We located ourselves at the Jungfrau Hotel, one of those
huge establishments which the needs of modern travel
have created in every attractive spot on the continent.
There was a great gathering at dinner, and, as usual,
one heard all sorts of languages.

The table d'ho^te was served by waitresses dressed
in the quaint and comely costume of the Swiss peasants.
This consists of a simple gros de laine, trimmed with ashes
of roses, with overskirt of scare bleu ventre saint gris,
cut bias on the off-side, with facings of petit polonaise
and narrow insertions of pa^te de foie gras backstitched
to the mise en sce`ne in the form of a jeu d'esprit. It gives
to the wearer a singularly piquant and alluring aspect.

One of these waitresses, a woman of forty,
had side-whiskers reaching half-way down her jaws.
They were two fingers broad, dark in color, pretty thick,
and the hairs were an inch long. One sees many women on
the continent with quite conspicuous mustaches, but this
was the only woman I saw who had reached the dignity of whiskers.


After dinner the guests of both sexes distributed themselves
about the front porches and the ornamental grounds belonging
to the hotel, to enjoy the cool air; but, as the twilight
deepened toward darkness, they gathered themselves together
in that saddest and solemnest and most constrained of
all places, the great blank drawing-room which is the chief
feature of all continental summer hotels.
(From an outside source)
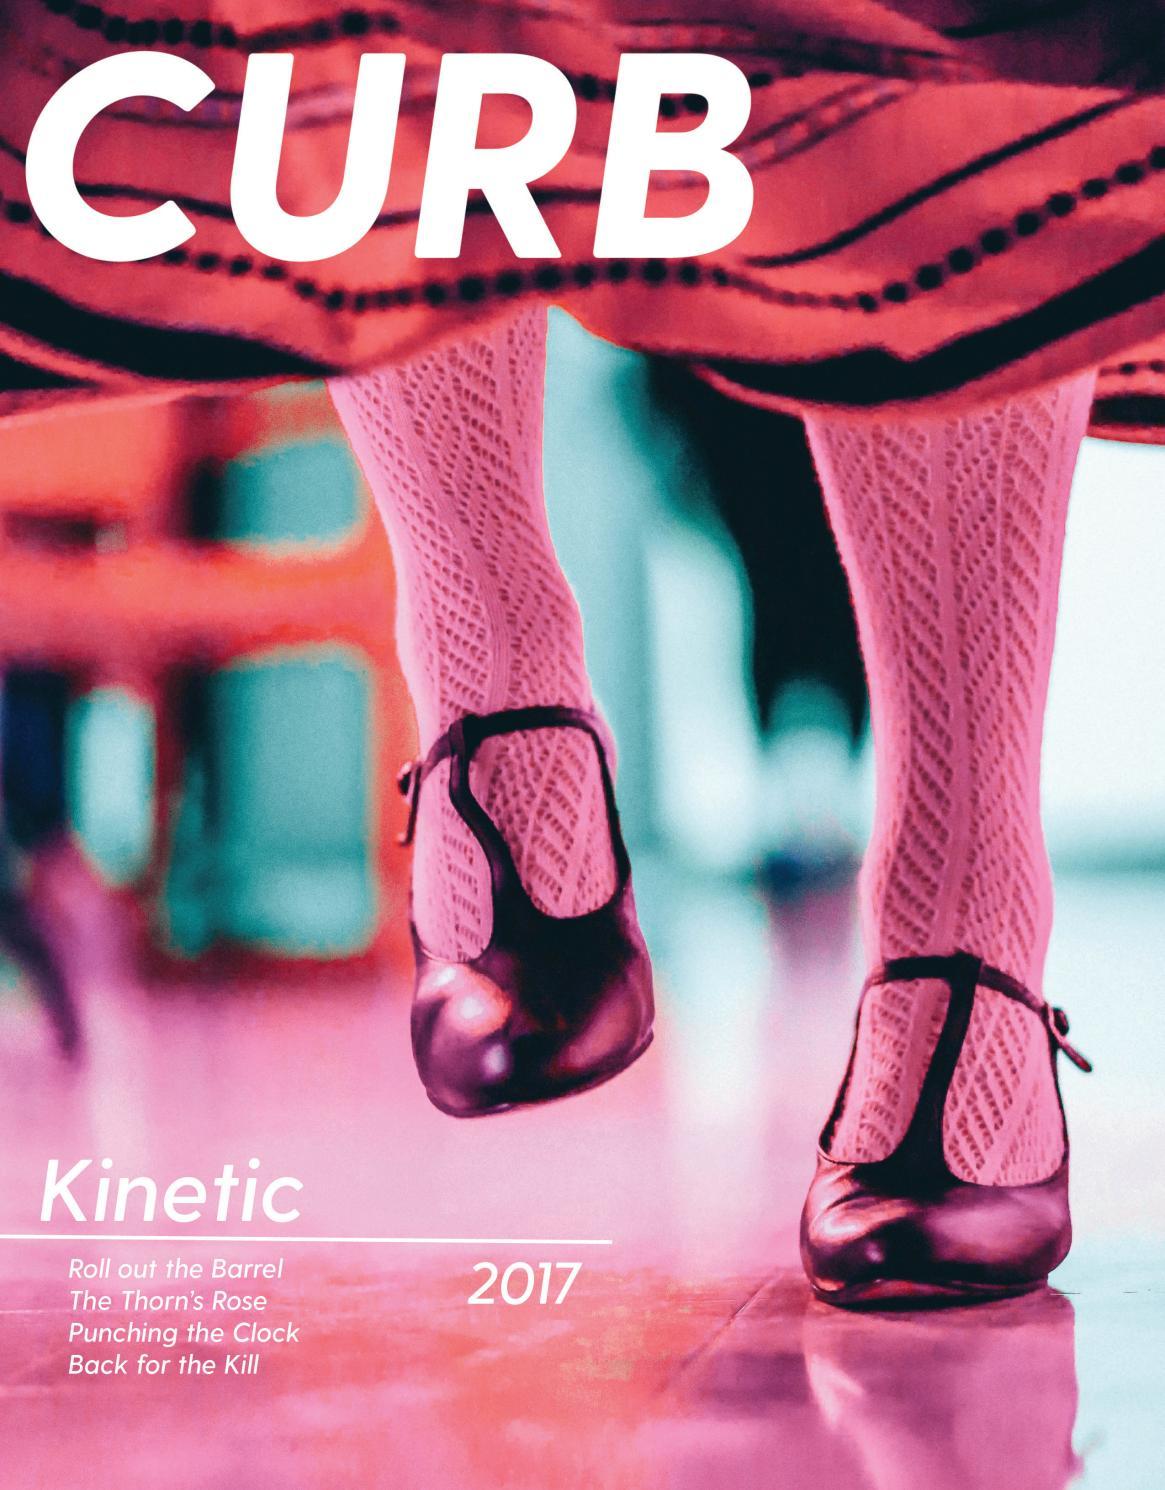 Curb 2017: Kinetic by Curb Magazine - issuu

There they
grouped themselves about, in couples and threes, and mumbled
in bated voices, and looked timid and homeless and forlorn.
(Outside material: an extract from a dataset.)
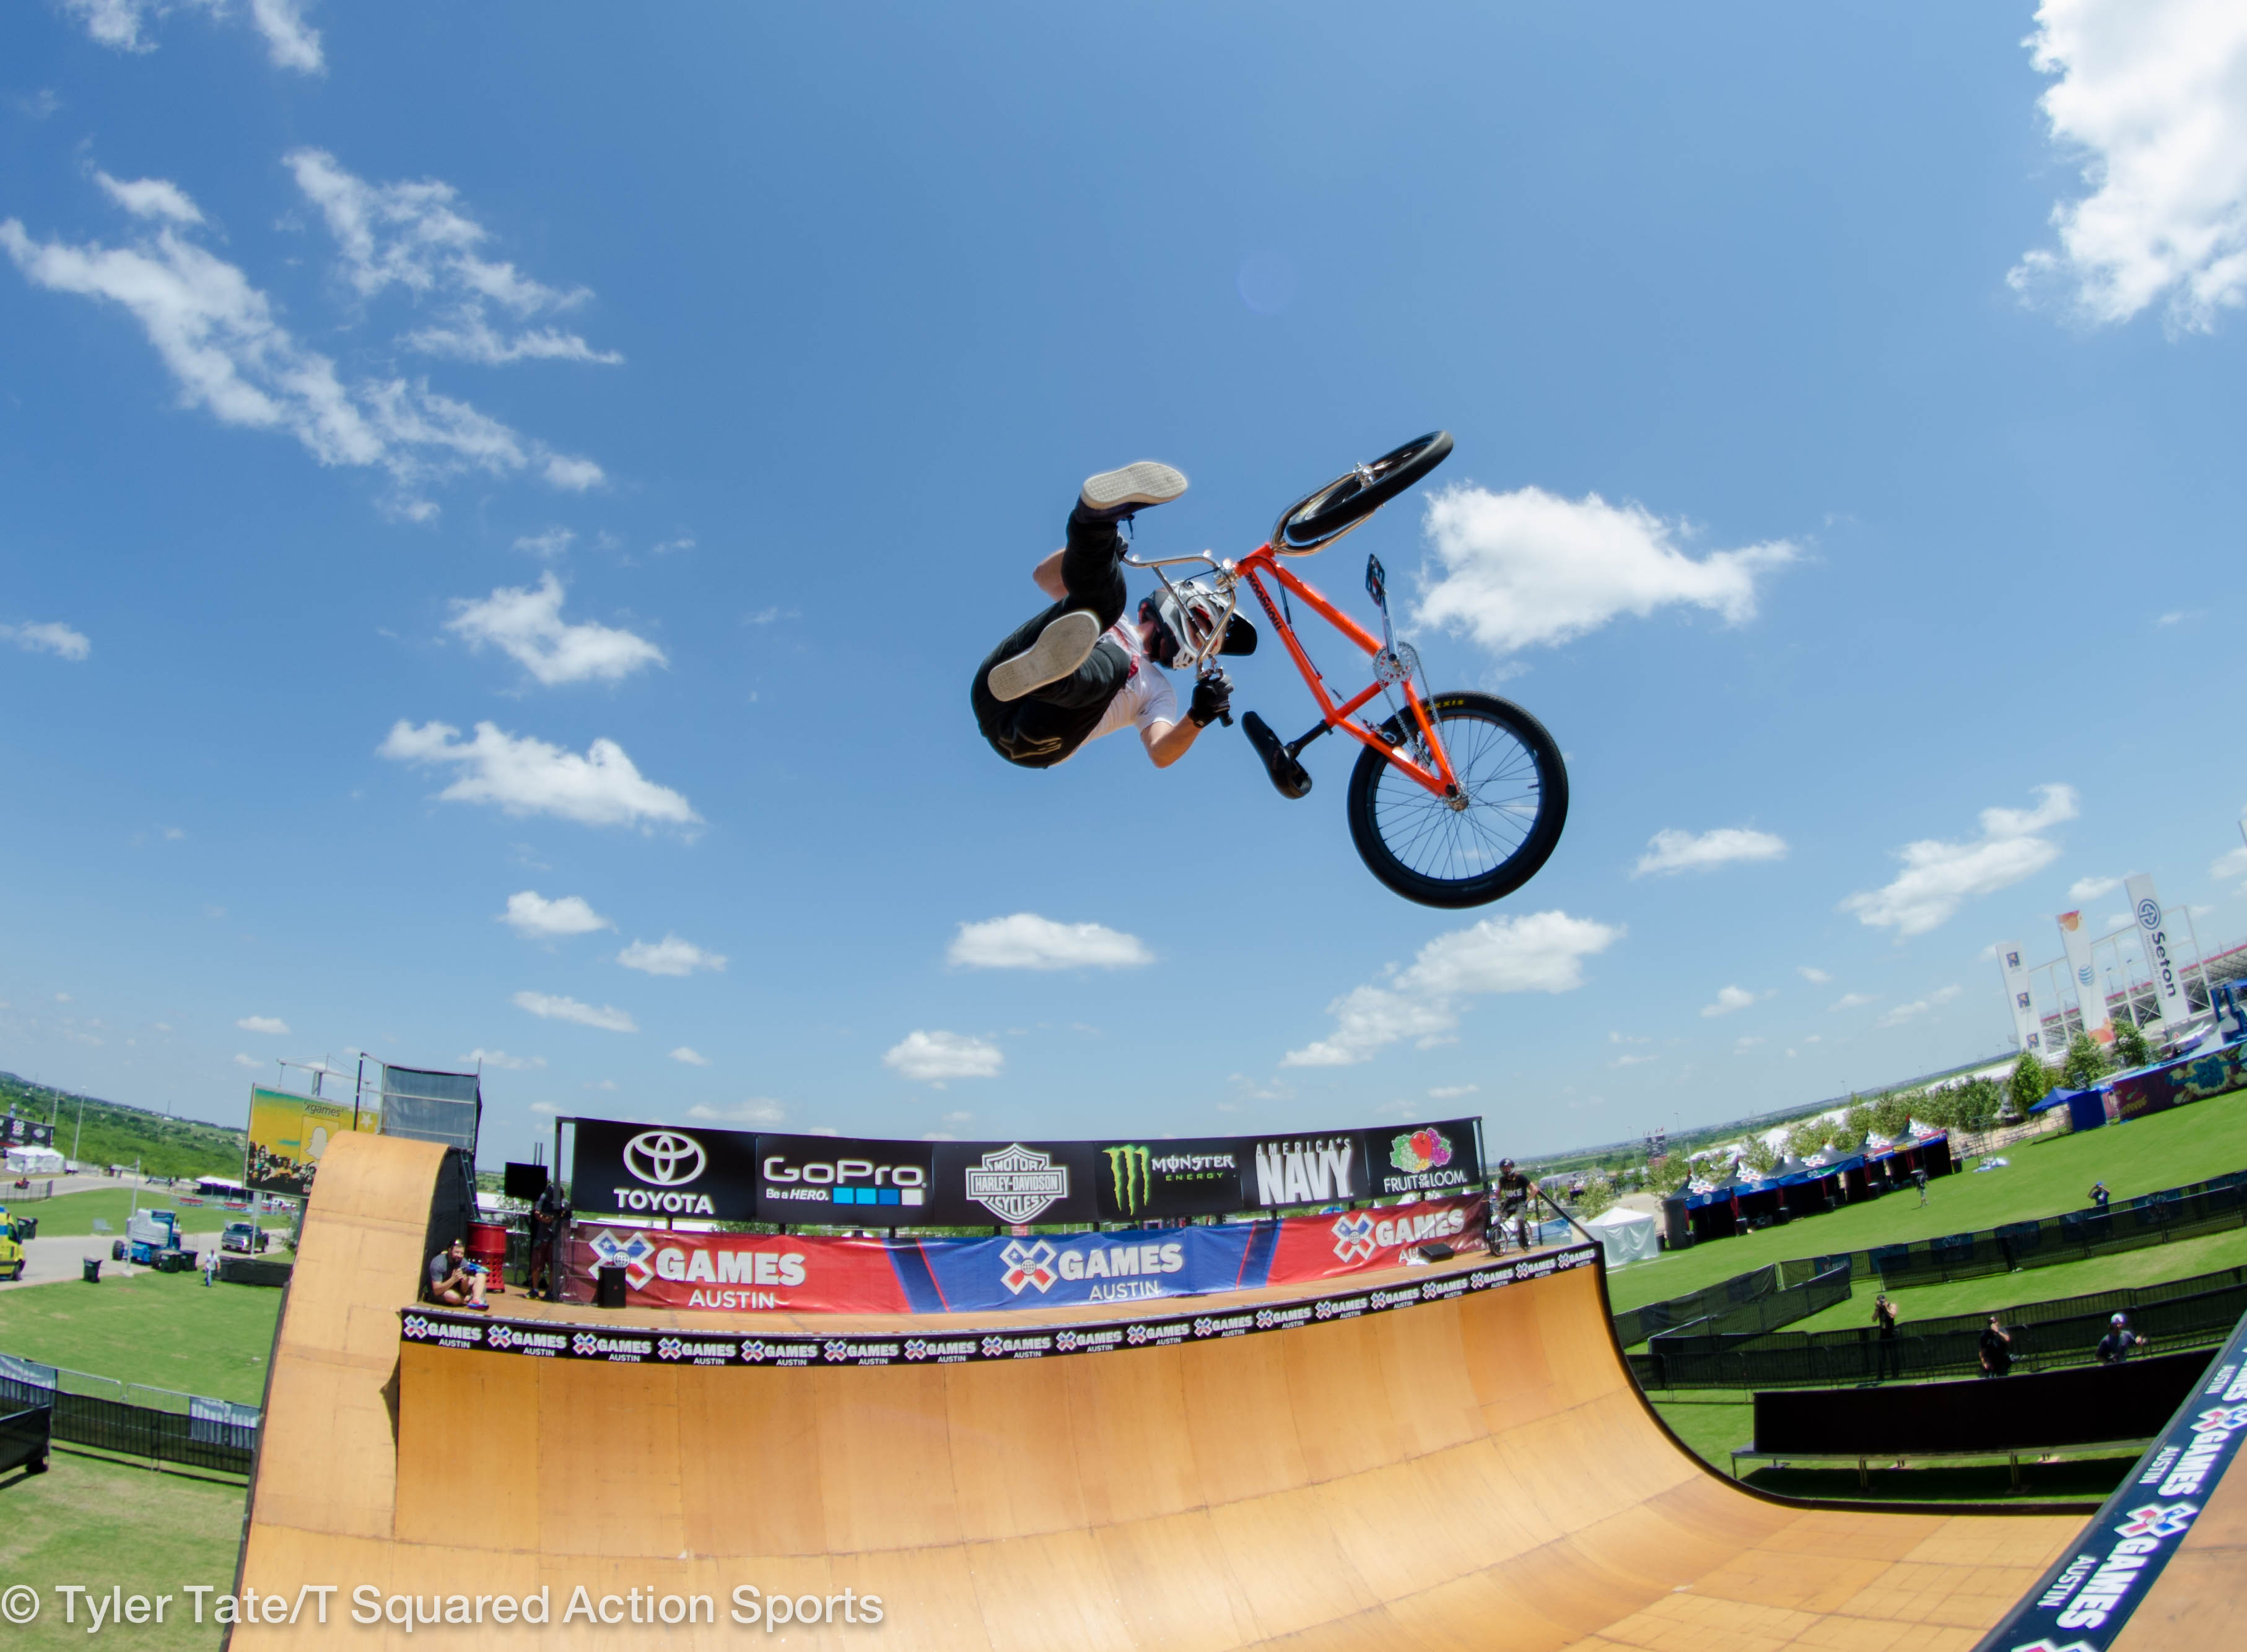 Steve McCann X Games Austin 2015 BMX Vert – T Squared Action Sports

There was a small piano in this room, a clattery, wheezy,
asthmatic thing, certainly the very worst miscarriage
in the way of a piano that the world has seen. In turn,
five or six dejected and homesick ladies approached
it doubtingly, gave it a single inquiring thump, and retired
with the lockjaw. But the boss of that instrument was
to come, nevertheless; and from my own country--from Arkansaw.

She was a brand-new bride, innocent, girlish, happy in herself
and her grave and worshiping stripling of a husband; she was
about eighteen, just out of school, free from affections,
unconscious of that passionless multitude around her;
and the very first time she smote that old wreck one
recognized that it had met its destiny. Her stripling
brought an armful of aged sheet-music from their room--
for this bride went "heeled," as you might say--and bent
himself lovingly over and got ready to turn the pages.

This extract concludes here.